隠れSだって、優しくしたい!!(……らしい)
・・・
(……週末だからって、やりすぎ……!! )
……って、そうじゃない。
いや、じゃなくない。
先週はまあ、付き合った記念というか、お互い気持ちも昂ぶってたとして。
毎週こんなだと、私こそ持たない気がする。
心地いい疲労感というと可愛いすぎる言い方で、実のところ一人の部屋に帰ってきた後は、ぐっすり寝てしまうどころか寝坊してこのざまだ。
ダッシュしたのは、執務室のドアの前まで。
焦って走って、乱れた呼吸を整えてから部屋に入る。
「おはようございます」
一穂くんの声も混じった、みんなからの挨拶を聞きながらパソコンを起動して、少しふらりとしながら席についた。

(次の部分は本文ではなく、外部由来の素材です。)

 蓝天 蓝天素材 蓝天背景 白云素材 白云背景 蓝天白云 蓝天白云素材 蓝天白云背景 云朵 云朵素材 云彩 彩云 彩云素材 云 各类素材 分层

「全然走ることないのに。碧子さんにしては遅いってだけで、まだ余裕じゃない」
「準備ってものが……」
脳に酸素が足りてない。
それでも何か違和感を覚えたけど、渇いた喉を潤すのが先だと水に手を伸ばし――……。
(……………え? )
「……眼鏡は? 」
(え……私、今……)
「ん? もう要らないかなって。コンタクトの上からする意味、特にないし」
(…………私…………)
「え……!? 」
キャップを外したままのボトルが倒れそうになって、慌ててキャッチして――恐る恐る視線だけ上げた先に、ものすごく意地悪な顔した一穂くんがいる。
「お疲れさま、碧子さん」
「……っ、ば……」
「馬鹿」なんてあまりに脆弱すぎる文句すら、呼吸優先の私は発することができない。
「あ。違った。おはよーございます」
「……!! 」
絶っっ対、わざと。
この世に、こんな100%以上のことってある?
バレたなら、もう仕方ない。
足蹴りで済ませる理由なんてあるものか。
「……あー、はい。もう、二人とも隠す気ないみたいだから。まあ、面倒だから公認ってことで。ここまでくると噂にもならないし。この件、終了ね」
他に解決方法なんてないし、あっても知りたくないって様子の主任の朝礼がはじまり。
側にあったファイルを掴んで振り落とそうとした力のもって行き場もなく、その日が――私たちの公開社内恋愛がスタートした。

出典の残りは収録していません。